I received a mail from yahoo titled, ‘Important’. Quickly, I  opened it, curious to see what important message yahoo has for me, whereupon I saw written in a box with a blue background, “Yahoo Account update Dear user”. It went further, “We recommend that you verify and update your account within 48 hours to avoid de-activation. Update-Now Thanks for taking time to update your account.” I was expected to click on ‘Update now’ to process the update. However, the background and message looked so different to me.  Messages from Yahoo usually come with graphics and they usually give their US address at end of it all. This one had no address whatever. Moreover, are those with yahoo account referred to as users or subscribers? Everything about this ‘Yahoo’ message looked so queer to me. So I took no action.
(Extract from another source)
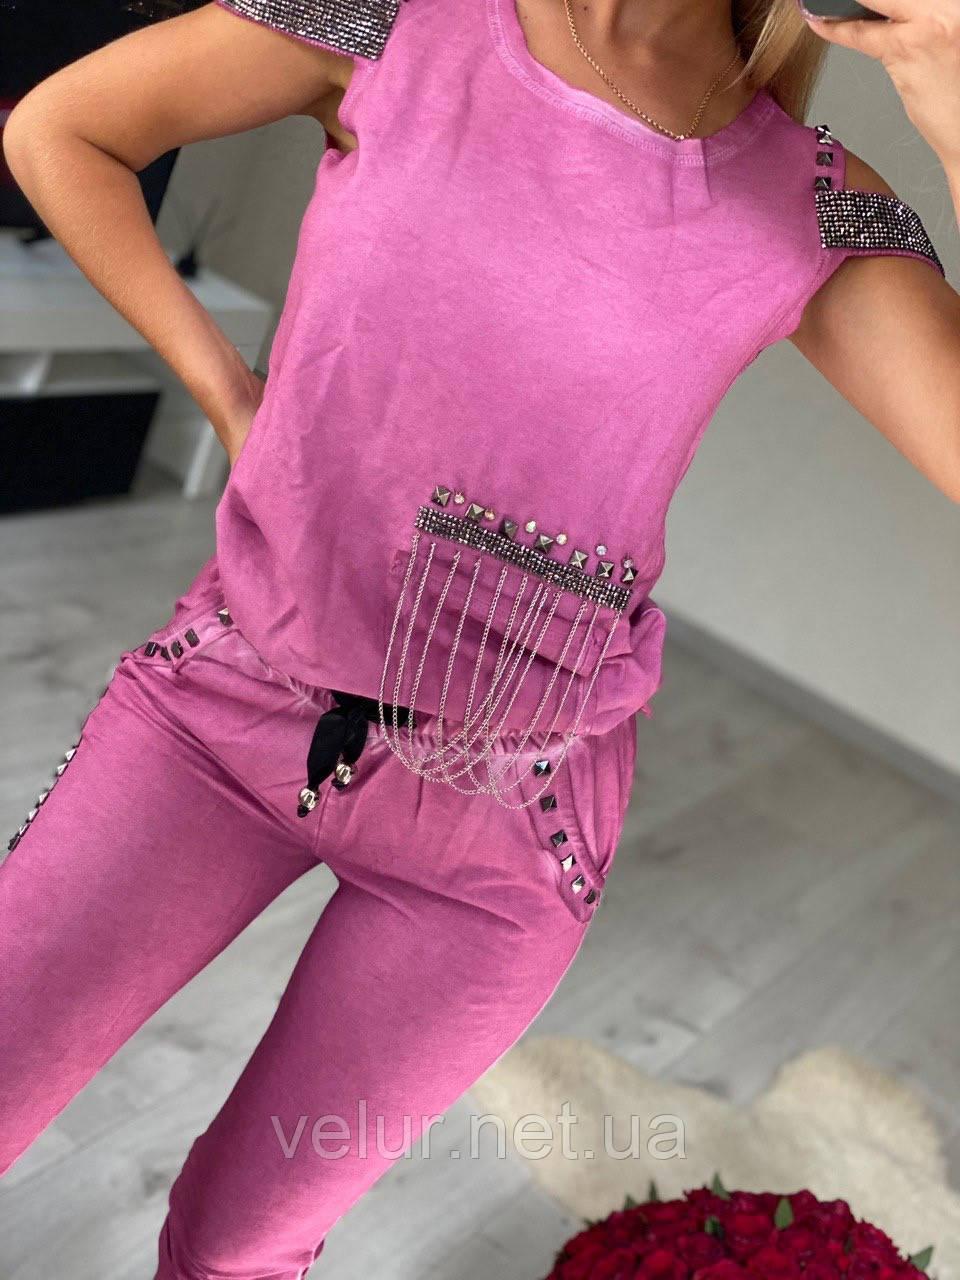 Жіночий трикотажний костюм (Туреччина); розміри S, M, 2 кольори.

Till this day, the account is still active, not de-activated, am still using it.

Away from fraudulent proposals, here are examples of some interesting business proposals I got in my inbox.  From a “Chinese friend”, this one is titled ‘when life is dull remember the original dream’.  It read, “Hello, we are specialized in the production of rayon printing fabrics, clothing manufacturers. We deliver goods quickly and the price is favorable. If you are interested, you can send me the request. Looking forward to your reply. Best regards! Name: Zhao Guaying”. Physical address and Wechat number in China was provided. Of course am not interested as I do not have the funds for such international business.  But it looks interesting. Here is another. “Dear Friend, Good day! This is Lily from Xuzhou Glass Co., Ltd. We are manufacturer of glass bottles and glass jars. We also produce a lot of mason jars, we write this email is want to see if you have interest to buy empty honey jars from China. If you need we can send you our samples for your reference”. They thereafter provided detailed explanation about their company including technical details. They also provided their physical address, company name, website and telephone number. Wonderful. Due to space constraints I have only cited a few.

From the above, however, it is obvious that  Chinese manufacturers are well aware of Nigeria’s huge market and appear to be scrambling to have a share of it. Nonetheless, I advice that they direct their solicitous letters to the Nigeria Chamber of Commerce, Industry, Mines and Agriculture (NACCIMA) and deal directly with them. That way they would get genuine, capable buyers and investors to patronize them.